Plus rapidement que n’osaient l’espérer même les plus optimistes, les mots d’ordre généraux lancés par Zimmerwald et Kienthal acquirent une importance historique. Paix sans annexions, paix sans indemnités de guerre, droit des peuples à disposer d’eux-mêmes devinrent un mot d’ordre qui n’était plus seulement, comme en 1915, celui d’une minorité de combattants socialistes. La formule zimmerwaldienne prit, dans les discussions publiques sur la paix, une place de plus en plus importante, quelle que fût l’interprétation qu’on lui donnât. On parlait de la "paix zimmerwaldienne" et l’on ne pouvait ignorer ses postulats.

Deux causes surtout étaient à l’origine de cette situation.
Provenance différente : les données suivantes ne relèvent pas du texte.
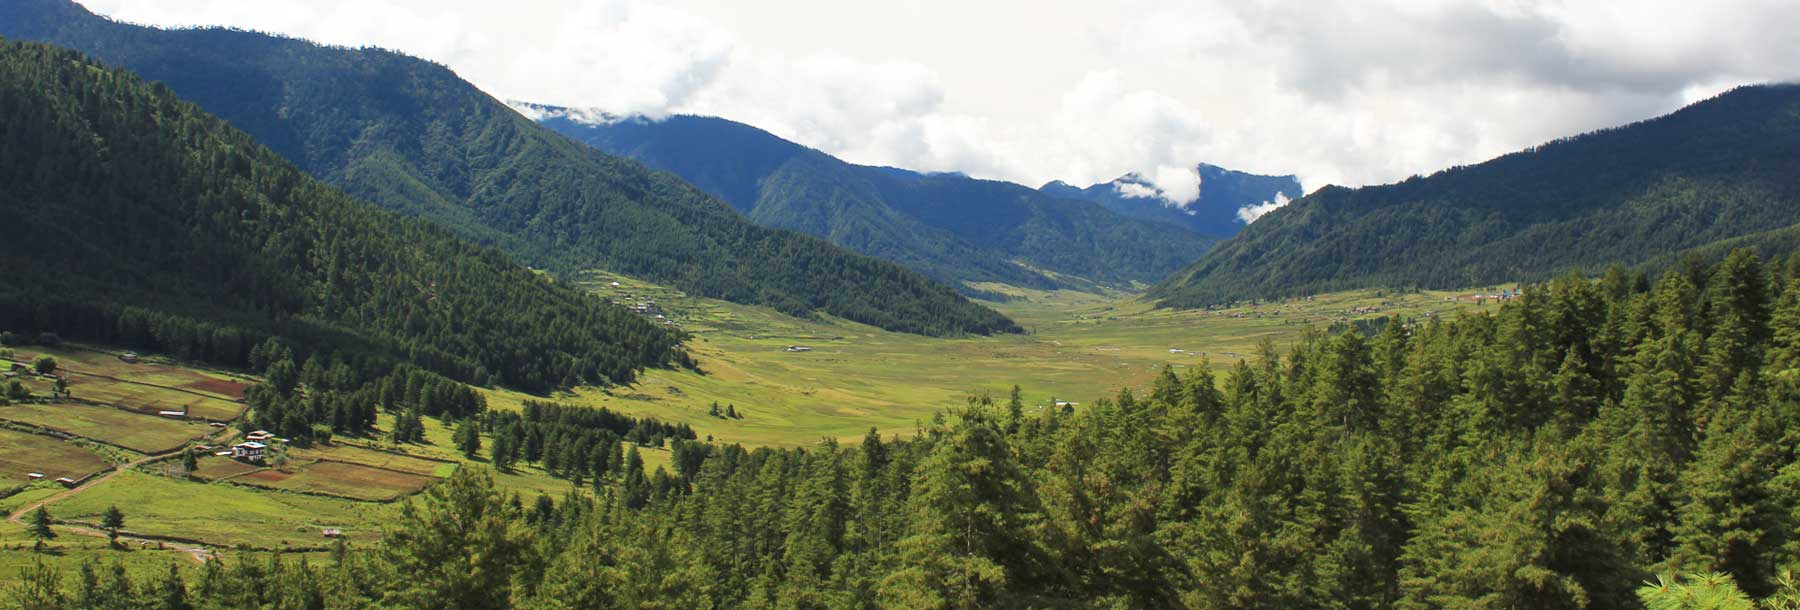 The glacial valley of Phobjikha, Central Bhutan.
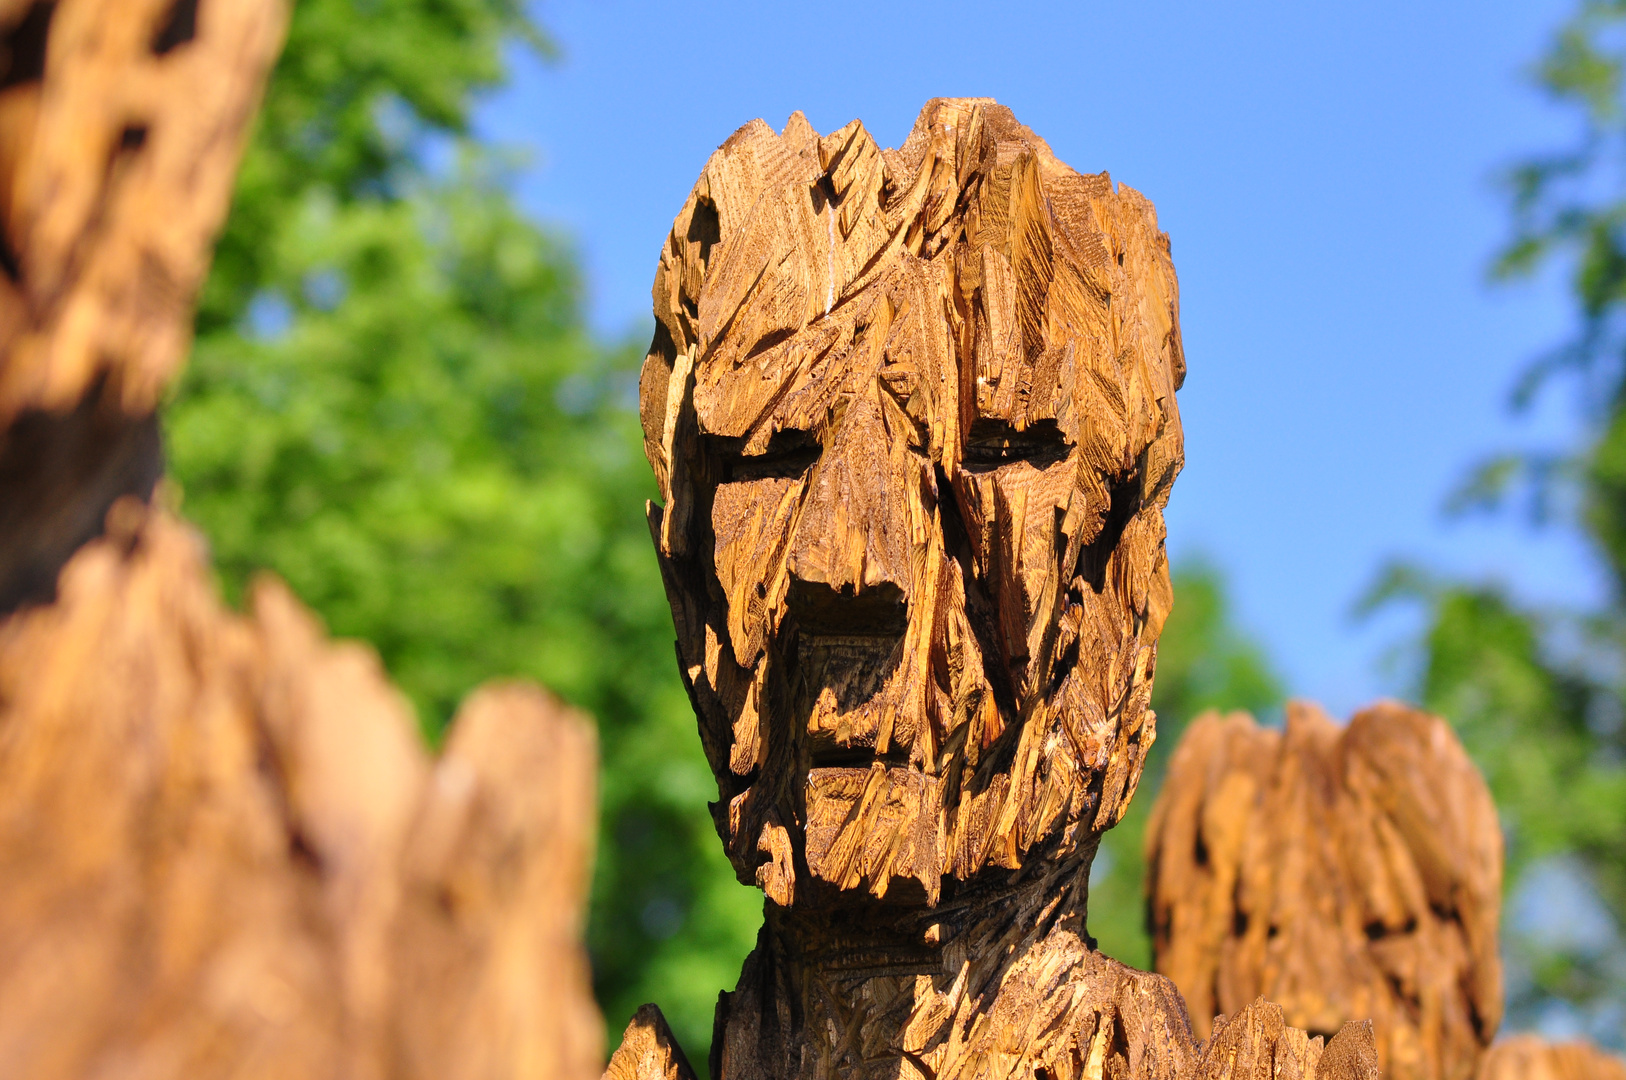 Holzkopf Foto & Bild | abstraktes, formen, holz Bilder auf

Au fur et à mesure qu’elle durait, la guerre s’engageait dans une impasse. Les gouvernements ne savaient plus comment s’y prendre. Les espoirs et les promesses faites aux peuples ne se réalisaient pas, même dans les pays vainqueurs. Dans tous les Etats en guerre, ce n’était que destructions et anéantissement. Ainsi que les événements le démontrèrent par la suite, la réconciliation des peuples resta une chimère.

A tout cela s’ajouta encore l’événement le plus marquant de l’histoire, la Révolution russe. Elle se produisit sans qu’on l’ait prévue comme une donnée du problème. Elle entraîna l’arrêt des opérations militaires sur tout le front est et anéantit les buts de guerre que le tsarisme avait faits siens. La tempête de la révolution balaya la monarchie russe.

Milioukov, représentant et chef idéologique du libéralisme russe, se fit en Europe occidentale le porte-parole des rêves impérialistes et réclama de sa propre nation qu’elle continuât la guerre. Il dut quitter, tête basse, la tribune de la politique ministérielle. Le Conseil des ouvriers et soldats de Petersbourg, qui était alors dans son plein épanouissement, adopta et prêcha les principes de Zimmerwald et de Kienthal.

Mais la résolution de Kienthal ne contenait pas qu’un appel à la paix et à la lutte contre la guerre. Elle prévoyait la période d’après-guerre.

"La guerre — disait-elle — est issue des antagonismes capitalistes ; elle n’élimine pas les causes des conflits futurs. Elle renforce le capitalisme et suscite de nouveaux antagonismes. Il s’ensuit un accroissement de la réaction économique et politique, de nouveaux armements et le danger de nouvelles conflagrations mondiales."

Apparemment, c’était de la théorie pure. Quelques-uns seulement tendirent l’oreille, quelques-uns seulement y crurent. Bien des personnes font fi de la théorie. Mais celles-là ignorent généralement aussi la pratique. A défaut de quoi elles apprendraient combien la théorie est parfois clairvoyante et se trouve ensuite confirmée par la pratique.

C’est ce qui s’est produit. Pendant les années qui suivirent, le développement de l’histoire confirma l’exactitude de ces constatations théoriques.

On conclut, à la fin de la guerre, les accords d’armistice qui portaient déjà en eux le germe de nouvelles guerres. Puis, pour sceller une paix durable, on fonda, sous le mot d’ordre "Plus jamais de guerre", la Société des Nations. Dans d’innombrables séances et conférences, elle s’efforça d’acquérir une autorité qu’elle ne trouva jamais.

Le 27 août 1928, le secrétaire d’Etat américain, Kellog, obtint la conclusion, à Paris, d’un accord international qui devait empêcher la guerre pour tous les temps. Bien que les signataires de ce pacte fussent l’Allemagne, la Belgique, les Etats-Unis, la France, l’Italie, le Japon, la Pologne et la Tchécoslovaquie et que bon nombre d’autres pays, comme l’Union soviétique, y eussent adhéré, cette mise de la guerre hors la loi n’a empêché ni la guerre d’Abyssinie, ni la deuxième guerre mondiale, ni la guerre de Corée, ni les combats meurtriers dans les colonies.

Zimmerwald et Kienthal avaient eu raison [1].